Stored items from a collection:
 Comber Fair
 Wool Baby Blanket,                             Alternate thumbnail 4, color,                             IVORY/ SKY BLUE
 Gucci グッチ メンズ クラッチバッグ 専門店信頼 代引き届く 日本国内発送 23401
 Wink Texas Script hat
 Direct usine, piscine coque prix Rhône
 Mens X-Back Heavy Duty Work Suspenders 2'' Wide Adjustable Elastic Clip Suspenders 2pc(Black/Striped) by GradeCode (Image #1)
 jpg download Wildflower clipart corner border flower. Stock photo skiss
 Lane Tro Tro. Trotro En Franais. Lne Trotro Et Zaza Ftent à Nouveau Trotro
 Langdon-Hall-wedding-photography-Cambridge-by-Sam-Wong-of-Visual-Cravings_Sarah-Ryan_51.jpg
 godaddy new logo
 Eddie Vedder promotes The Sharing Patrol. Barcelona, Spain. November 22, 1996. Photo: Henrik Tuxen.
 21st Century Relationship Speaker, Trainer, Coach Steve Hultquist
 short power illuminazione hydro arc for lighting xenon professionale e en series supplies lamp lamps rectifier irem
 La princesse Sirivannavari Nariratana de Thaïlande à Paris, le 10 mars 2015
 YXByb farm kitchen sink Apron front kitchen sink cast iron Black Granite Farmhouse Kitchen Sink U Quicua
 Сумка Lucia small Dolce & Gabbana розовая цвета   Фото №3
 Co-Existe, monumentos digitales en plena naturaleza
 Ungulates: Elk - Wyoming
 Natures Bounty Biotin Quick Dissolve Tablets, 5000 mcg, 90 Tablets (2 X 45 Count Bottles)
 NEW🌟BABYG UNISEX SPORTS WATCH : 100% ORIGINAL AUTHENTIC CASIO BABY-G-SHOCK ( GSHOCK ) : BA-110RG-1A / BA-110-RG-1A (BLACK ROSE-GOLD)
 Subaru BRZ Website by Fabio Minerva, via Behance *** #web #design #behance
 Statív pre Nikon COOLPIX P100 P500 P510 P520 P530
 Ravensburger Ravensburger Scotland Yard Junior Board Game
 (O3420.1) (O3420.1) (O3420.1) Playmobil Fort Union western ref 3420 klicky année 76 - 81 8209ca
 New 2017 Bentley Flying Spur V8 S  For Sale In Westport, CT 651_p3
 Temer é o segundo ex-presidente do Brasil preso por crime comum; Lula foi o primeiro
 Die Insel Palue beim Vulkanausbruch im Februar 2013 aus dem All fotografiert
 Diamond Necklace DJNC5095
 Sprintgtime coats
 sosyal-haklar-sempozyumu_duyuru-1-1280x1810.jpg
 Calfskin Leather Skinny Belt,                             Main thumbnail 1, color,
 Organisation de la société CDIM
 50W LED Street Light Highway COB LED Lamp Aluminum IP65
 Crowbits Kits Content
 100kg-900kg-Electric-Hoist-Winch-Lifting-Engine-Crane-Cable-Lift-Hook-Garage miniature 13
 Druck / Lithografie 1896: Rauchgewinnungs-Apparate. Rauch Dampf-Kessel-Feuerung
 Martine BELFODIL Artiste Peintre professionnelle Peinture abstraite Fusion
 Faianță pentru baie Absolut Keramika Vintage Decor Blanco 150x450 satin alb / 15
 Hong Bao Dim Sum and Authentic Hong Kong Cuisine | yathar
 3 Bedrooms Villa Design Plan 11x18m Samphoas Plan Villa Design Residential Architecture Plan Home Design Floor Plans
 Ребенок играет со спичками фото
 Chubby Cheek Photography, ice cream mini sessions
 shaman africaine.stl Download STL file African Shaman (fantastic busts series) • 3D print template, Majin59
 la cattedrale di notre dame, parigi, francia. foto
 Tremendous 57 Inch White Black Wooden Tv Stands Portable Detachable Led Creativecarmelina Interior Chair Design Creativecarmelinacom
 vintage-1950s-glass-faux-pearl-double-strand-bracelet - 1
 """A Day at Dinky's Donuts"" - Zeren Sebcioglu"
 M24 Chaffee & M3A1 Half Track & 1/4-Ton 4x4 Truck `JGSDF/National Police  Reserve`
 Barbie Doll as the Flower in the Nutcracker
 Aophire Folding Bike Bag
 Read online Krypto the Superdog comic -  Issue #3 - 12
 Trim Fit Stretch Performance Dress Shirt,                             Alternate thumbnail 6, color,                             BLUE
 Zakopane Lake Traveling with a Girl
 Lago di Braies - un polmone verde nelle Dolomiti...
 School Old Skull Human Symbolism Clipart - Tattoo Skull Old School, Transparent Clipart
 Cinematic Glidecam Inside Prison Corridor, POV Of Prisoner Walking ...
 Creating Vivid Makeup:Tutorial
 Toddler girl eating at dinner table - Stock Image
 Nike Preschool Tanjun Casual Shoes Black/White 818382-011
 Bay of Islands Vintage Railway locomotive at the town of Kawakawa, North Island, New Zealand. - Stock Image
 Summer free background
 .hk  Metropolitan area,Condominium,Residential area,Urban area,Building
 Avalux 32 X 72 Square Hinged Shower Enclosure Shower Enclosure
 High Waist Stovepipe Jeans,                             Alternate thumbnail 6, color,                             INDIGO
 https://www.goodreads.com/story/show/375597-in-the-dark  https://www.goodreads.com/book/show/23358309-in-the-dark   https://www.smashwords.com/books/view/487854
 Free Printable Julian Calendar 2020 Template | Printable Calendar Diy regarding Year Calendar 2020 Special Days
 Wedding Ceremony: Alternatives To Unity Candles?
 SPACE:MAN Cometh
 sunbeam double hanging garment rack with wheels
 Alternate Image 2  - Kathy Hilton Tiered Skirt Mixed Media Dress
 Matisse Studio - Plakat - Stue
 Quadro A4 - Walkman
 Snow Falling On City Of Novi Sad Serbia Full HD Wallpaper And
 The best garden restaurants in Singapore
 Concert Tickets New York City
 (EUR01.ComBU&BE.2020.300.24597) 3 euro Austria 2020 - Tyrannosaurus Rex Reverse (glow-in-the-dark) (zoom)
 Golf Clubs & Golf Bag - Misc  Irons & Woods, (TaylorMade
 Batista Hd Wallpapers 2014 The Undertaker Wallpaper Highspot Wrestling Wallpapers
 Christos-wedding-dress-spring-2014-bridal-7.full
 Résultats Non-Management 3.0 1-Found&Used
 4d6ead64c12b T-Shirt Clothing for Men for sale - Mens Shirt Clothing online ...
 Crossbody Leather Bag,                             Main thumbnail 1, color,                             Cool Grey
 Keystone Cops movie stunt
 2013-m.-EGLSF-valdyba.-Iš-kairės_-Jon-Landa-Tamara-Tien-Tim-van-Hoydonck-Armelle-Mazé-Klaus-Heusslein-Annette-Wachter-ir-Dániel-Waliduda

_Aim of the task_
From the line that has "Wedding Ceremony: Alternatives" through the line that has "Golf Clubs &", copy every line exactly as it appears above, and leave out all others.

_The answer_
 Wedding Ceremony: Alternatives To Unity Candles?
 SPACE:MAN Cometh
 sunbeam double hanging garment rack with wheels
 Alternate Image 2  - Kathy Hilton Tiered Skirt Mixed Media Dress
 Matisse Studio - Plakat - Stue
 Quadro A4 - Walkman
 Snow Falling On City Of Novi Sad Serbia Full HD Wallpaper And
 The best garden restaurants in Singapore
 Concert Tickets New York City
 (EUR01.ComBU&BE.2020.300.24597) 3 euro Austria 2020 - Tyrannosaurus Rex Reverse (glow-in-the-dark) (zoom)
 Golf Clubs & Golf Bag - Misc  Irons & Woods, (TaylorMade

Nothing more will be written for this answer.